The fourth edition of the annual festival, organized by the Doha Film Institute, took place from Nov 30th to Dec. 5th at Katara Cultural Village. Ajyal, meaning ‘generations’ in Arabic, invites people of all ages to come together to discuss cinema, documentary-making and art.
Films by NU-Q students or alumni included “Kashta” by A.J. Al-Thani, “Makh’bz” by Aisha AlMuhannadi, “9956” by Zaki Hussain and “Amer: An Arabian Legend” by Jassim Al-Rumaihi.
“As a student filmmaker, I do not get a chance to network and work with filmmakers from outside the boundaries of the school much. Festivals like Ajyal help me connect with other filmmakers [and] it is important because filmmaking is very collaborative,” said Zaki Hussain, a junior at NU-Q whose satirical film was screened under the Made in Qatar program of the festival. “I was very happy that the whole crew had a chance to be on the red carpet because that was the first time for many of us.”
Hussain added he was disappointed by the fact that the festival dates coincided with the final exam week at universities in Qatar. As a result, he could not attend several screenings at the festival.
A.J. Al-Thani, another student from NU-Q who directed the Best Narrative Film winning “Kashta,” said she got involved with Ajyal by working with Doha Film Institute.
“The festival experience was great for networking and meeting other filmmakers and learning from their experiences,” said Al-Thani. She added that Ajyal could be improved by having “a Gulf short film competition like the one in Dubai [because then] Qatari filmmakers could compete with other filmmakers in the Gulf for bigger prizes.”
— Doha Film Institute (@DohaFilm) December 2, 2016
Al-Thani’s favorite part of the festival was having her film compete in Mohaq, a category of films targeting young people of age eight and above. The jurors of the Mohaq category were children and they asked very unexpected and thought-provoking questions, Al-Thani said.
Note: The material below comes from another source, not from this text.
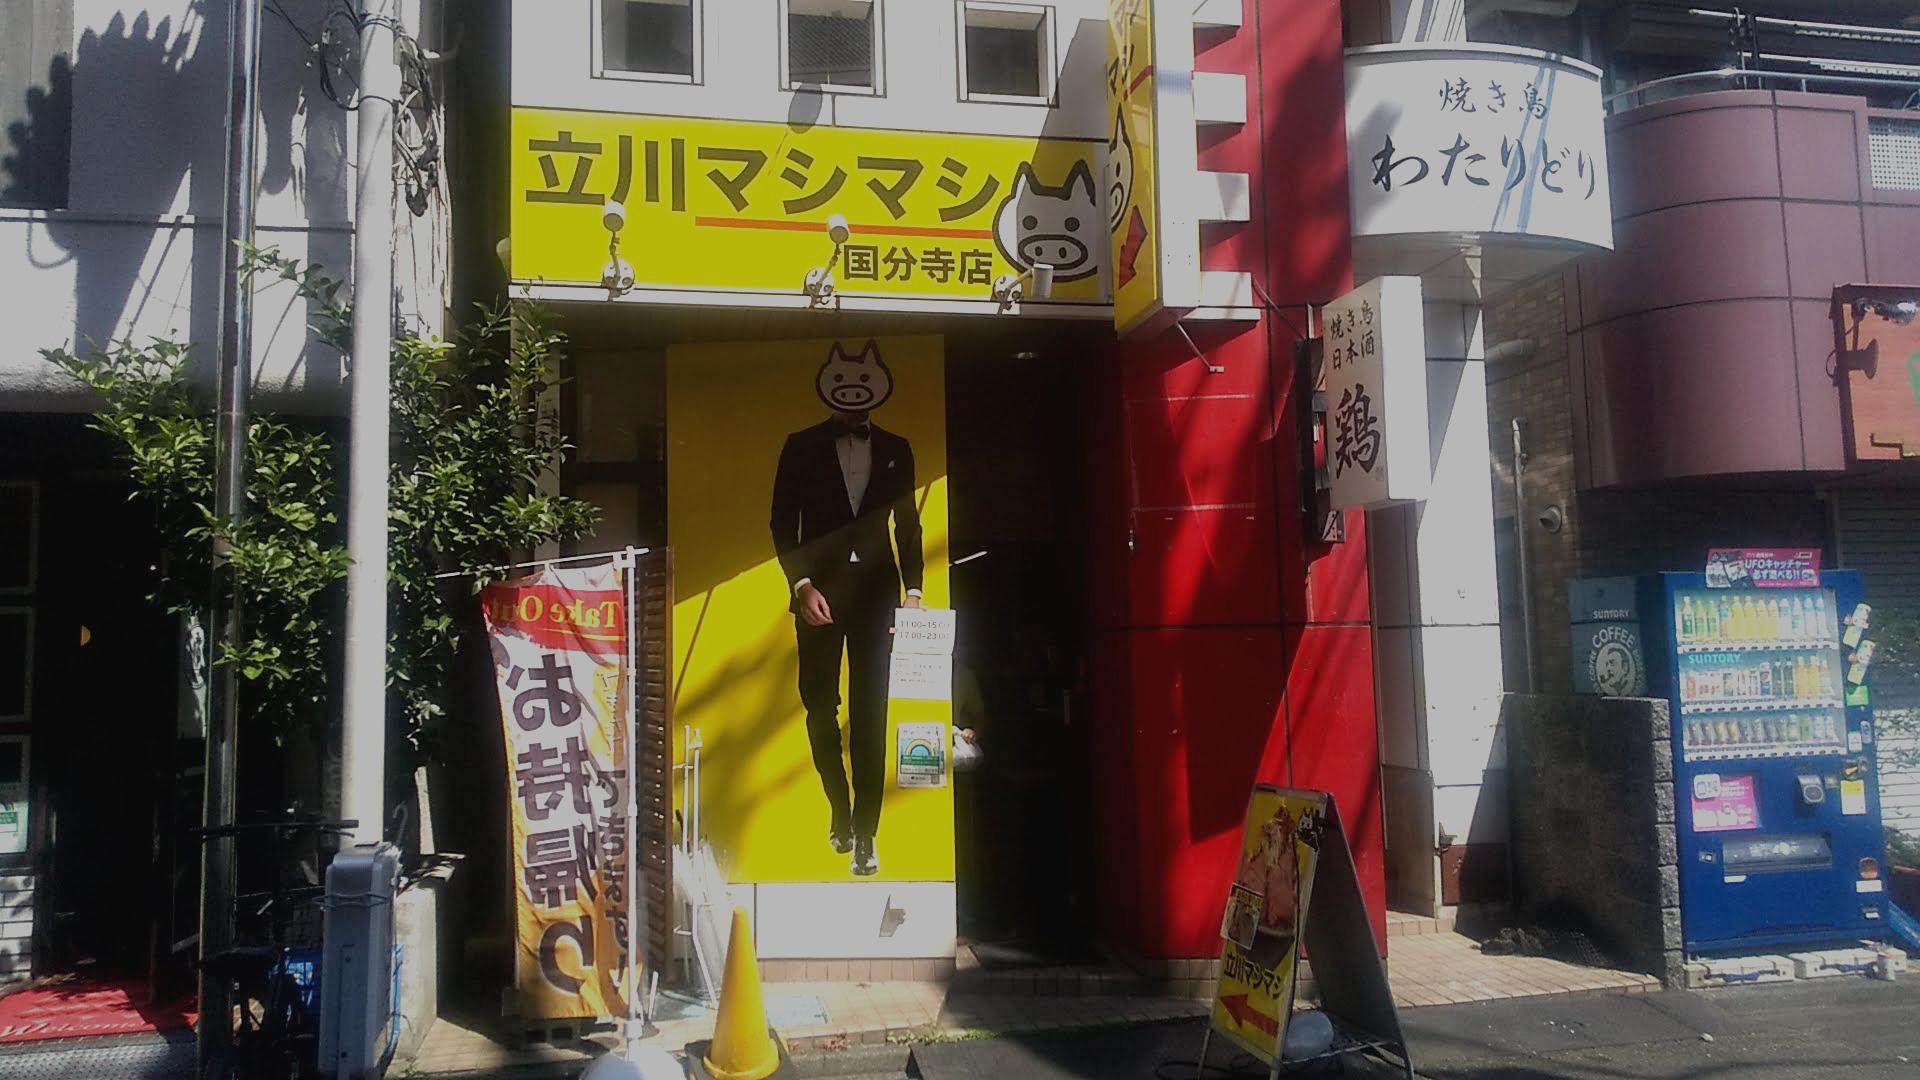 立川マシマシの外観写真

This year’s festival schedule included many feature-length and short film presentations, hard-hitting documentaries, local films and a variety of international film screenings. Additionally, the festival held a series of talks on controversial contemporary issues like social responsibility, youth empowerment, refugees and the current migrant crisis. It also hosted a creativity hub giving children the chance to paint, draw and play video games.
Assma Youssef is a freelance writer and editor at the Organization for World Peace. She has previously been published in several online publications including Allegra.lab, the OWP, Sister-hood, Al-Mufaqira Journal and Redbrick.